The reasons for the brevity of depiction could have been less straightforward, relating to the exiles’ position on the “losing side” of history yet capable of concerning the powerful, in episodes discussed throughout this book. This was evident in the case of Amangkurat III, the exiled king of Mataram whose uncle Pangéran Puger received Dutch support and ascended the throne, and yet clearly Amangkurat’s descendants still had some claim to power and still posed a threat, evident in Pakubuwana II’s rather anxious insistence, depicted in the Babad Kartasura, that he was legitimate heir to Amangkurat III, not the latter’s two sons who had returned from exile; and even though Pangéran Arya Mangkunagara, another member of the Javanese royal family whose life will be discussed later, was not allowed to return from Ceylon alive, prophecies and historical developments alike bestowed royal authority on his nearest of kin.Footnote 40

The stories of early exile and later diasporic life of the Malays in Ceylon have thus been on the periphery of various forms of historical writing and of scholarship.

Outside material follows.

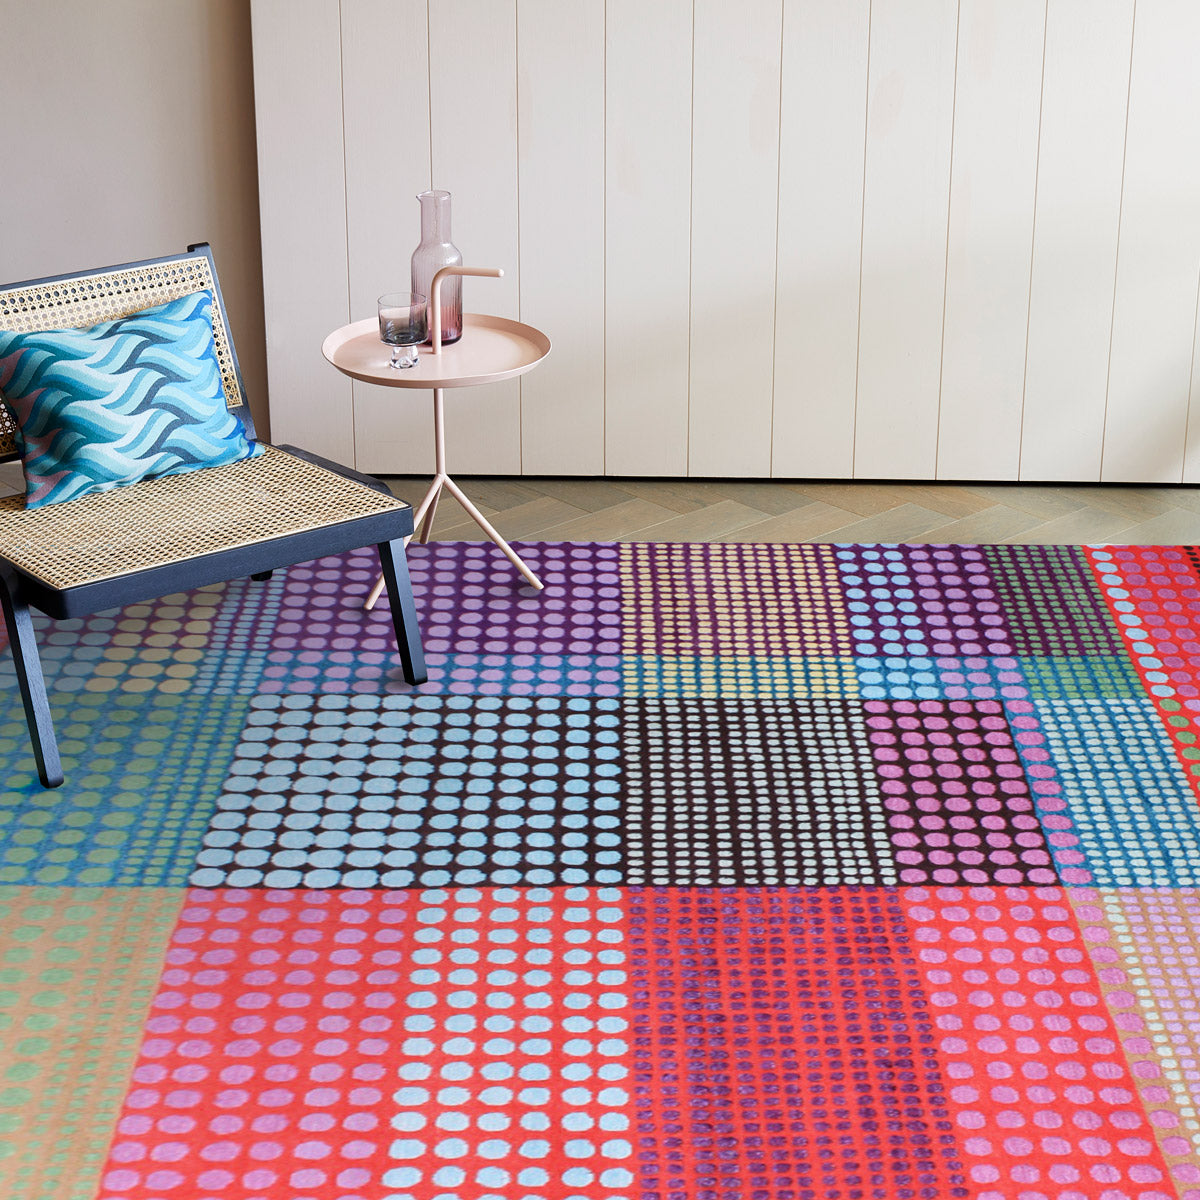 luxury rug, geometric rug, modern rug, wool rug, designer rugs, colourful rug, pink rug

As mentioned, the carriers of Malay to this region converted it, by means of their religious practices and textual culture, into a frontier of Malay-world Islam. Ceylon was also, more specifically, a frontier of the Malay language as well as of additional vernacular languages of the Indonesian Archipelago, the latter apparently gradually disappearing but leaving tantalizing hints, in several manuscripts and letters, of their past usage in the early period of exile and enlistment. In fact, spoken varieties of these languages may have survived to a much later date than assumed so far. The employment of Javanese, the Indonesian language for which some evidence exists in Sri Lankan Malay texts, included the use of poetic meters (tembang) and the preservation of certain literary-historical traditions like the tales of the walis who are said to have taken Islam to Java (see Chapter 3). In the much more prevalent case of Malay, the use of the syair genre as well as the genres of hikayat, pantun, kitab and maulud in their Malay varieties in Ceylon testifies to the expansion of Islamic writing of the archipelago toward new frontiers. This expansion was neither initiated nor led by Muslim armies, itinerant teachers or religious travelers, but originated with forced migration through exile and recruitment to colonial armies. With time, and with subsequent locally born generations in Ceylon, an exilic experience transformed into a diasporic one, with the Ceylon diaspora living at a distant edge-point of its “home” culture, a condition that invited and reinforced the use of the imagination.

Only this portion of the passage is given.